UNRWAのラザリニ事務局長は1日に、「今日明白なことは、昨日の時点でそうではなかった」と、アル=アミンがハマスのリーダーであった事実について知らなかったと釈明している。(9/30-10/1)

 

【イランからの大規模な攻撃】(Y,P,H)
1日夜にイランは181発の弾道ミサイルをイスラエルに向かって発射、多くはイスラエルをはじめ米英仏・ヨルダンなどの反イラン包囲網の防空システムにより迎撃されたが、一部はイスラエル国内に着弾し、南部ベエルシェバ近郊から北部ハイファの南までの約200キロでサイレンが鳴り響き、イスラエル国民の大半が1時間弱シェルター内に避難する事態になった。この攻撃は4日前のヒズボラ最高指導者ナスララと同席していたイラン革命防衛隊レバノン司令官、そして7月のハマス政治部指導者ハニヤという3人のイスラエル軍による殺害に対する報復だと、イランは発表。
イスラエル側に死者は出なかったが市民3人が負傷し、中央部を中心に少なくとも100戸の住宅が被害を受け、西岸地区ではガザからエリコに来ていたパレスチナ人にミサイルの破片が落下し死亡している。
また米CNNは衛星写真などから、南部にある2つの空軍基地とモサドの司令部またはその周辺にミサイルの一部が着弾したと伝えており、翌2日に国防軍は基地内の着弾と施設への被害は認めつつも、「空軍のオペレーションには影響せず、戦闘機などの被害はない」としている。
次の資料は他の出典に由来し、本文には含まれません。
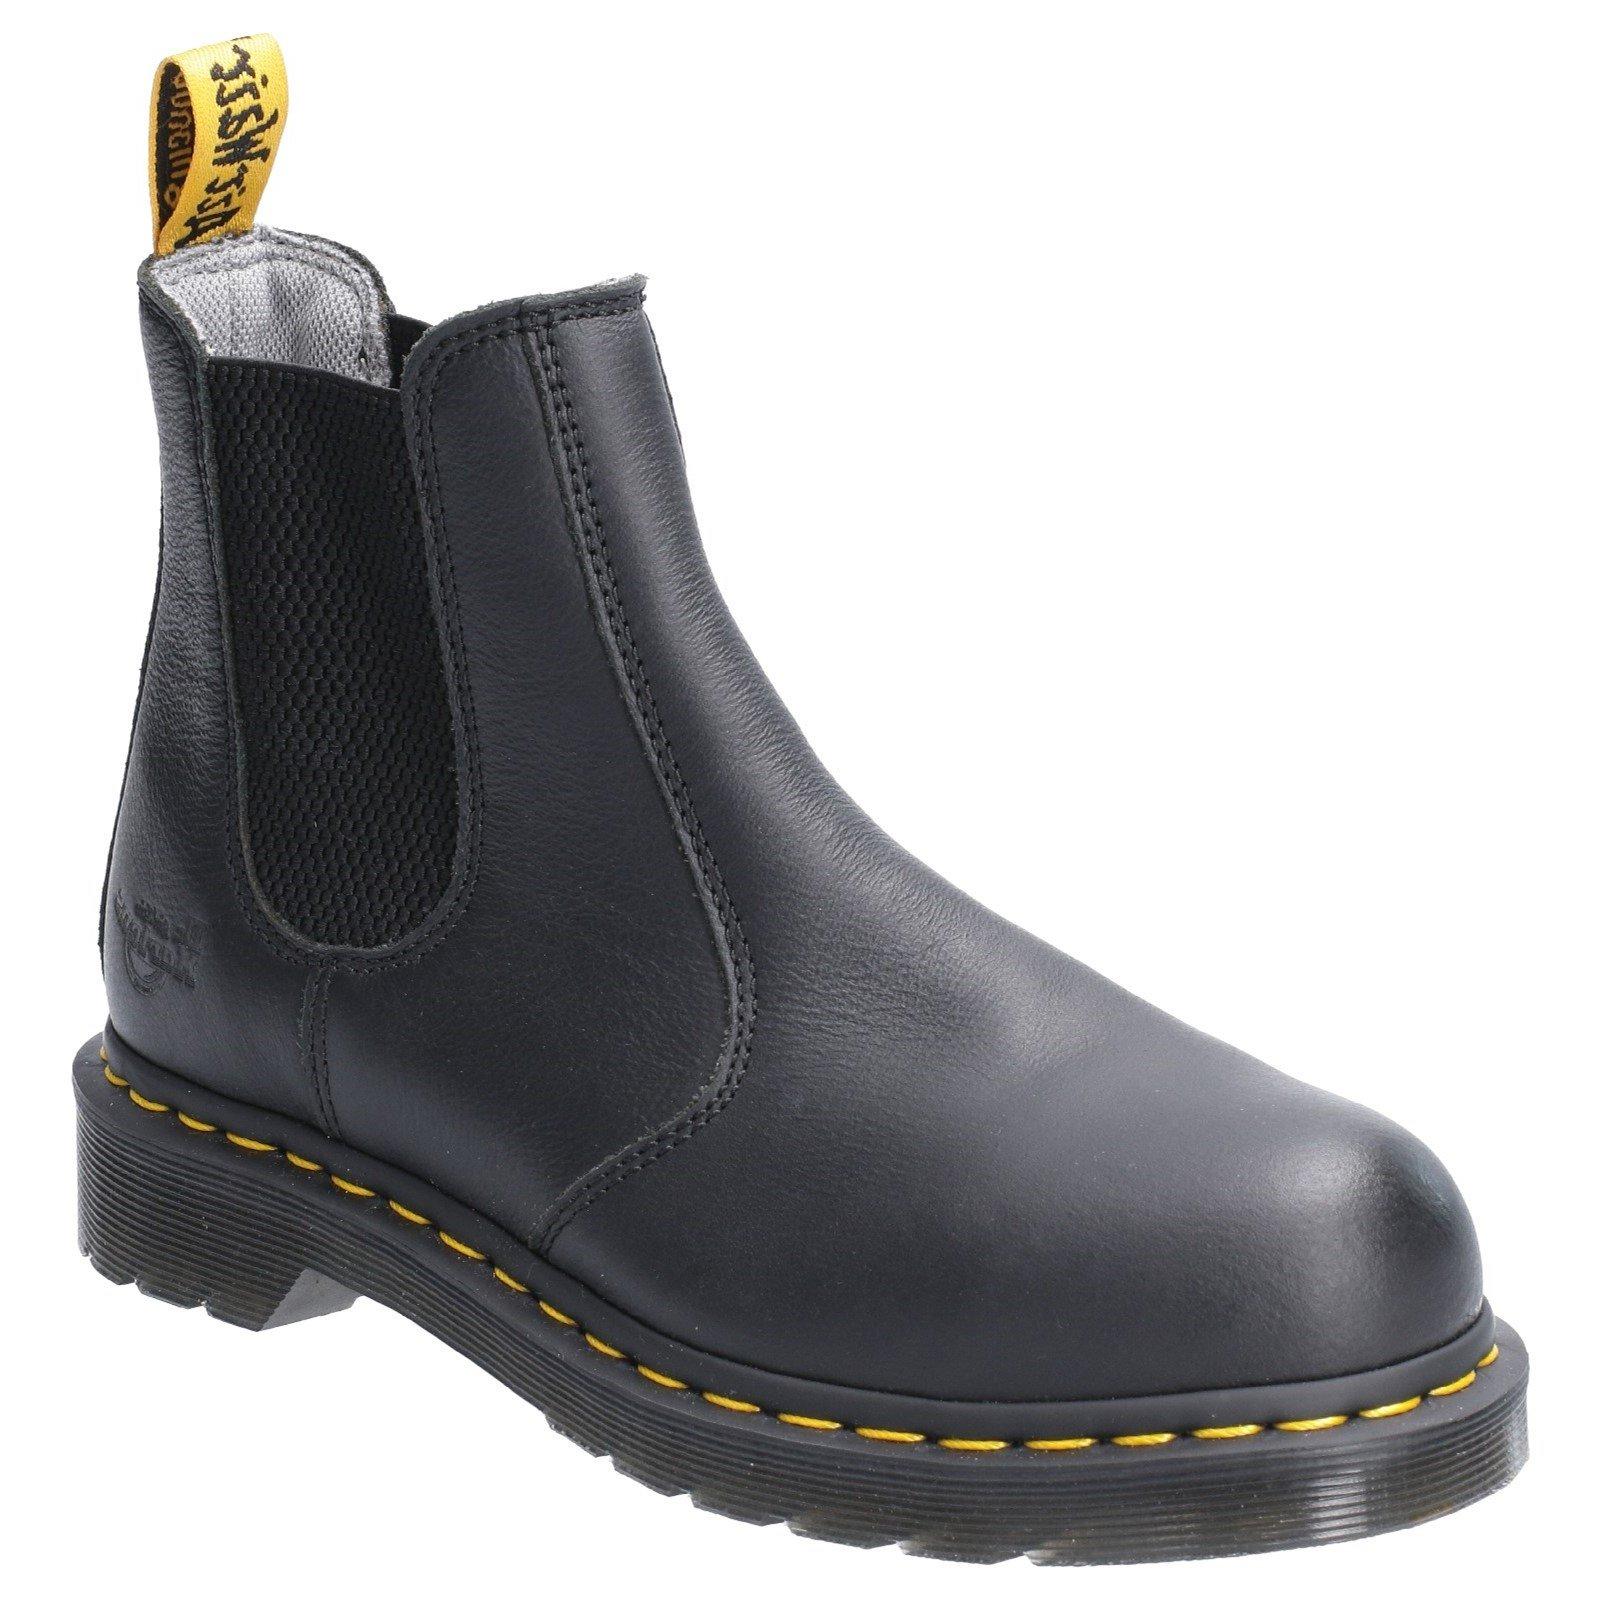 Dr Martens Women's Arbor Elastic Safety Boot Various Colours 29517 - Black 8

攻撃直後には安全保障内閣で翌朝には軍・諜報部トップらとの実務者会議が行われ、イランに対する具体的な報復攻撃の内容・規模については決定していないが、「激しい攻撃にはなるが、地域戦争にはならないようなものになる予定」と関係者。(10/1-2)

 

【テルアビブ南部で乱射テロ、7人が死亡】(Y,P,H)
イランによる攻撃の約30分前に、テルアビブ南部のヤッホ地区でパレスチナ人2人による乱射テロが発生し7人が死亡、16人が重軽傷を負った。
テロリストはヘブロンに住むハマスメンバー2人(19・25歳)で、1人はM16自動小銃もう1人はナイフを手に駅に停車していたトラムに入り銃を乱射。乗客4人を殺害した後にトラムから出て、周囲に銃撃・刺傷を行いさらに3人を殺害した。
発生直後に銃声を聞いて駆け付けた町のパトロール隊と、近くに居合わせ拳銃を所持していた市民がテロリストと銃撃戦を行い、テロリスト1人が死亡もう1人も負傷し無効化された。テロ直前に2人が近くのモスクに居たことから、ベングビル国家治安相がモスクの関与を暗示するような発言をしたが、無関係だったことが分かっている。(10/1-2)

 

【レバノン南部の地上作戦、8人の兵士が戦死】(Y,P,H)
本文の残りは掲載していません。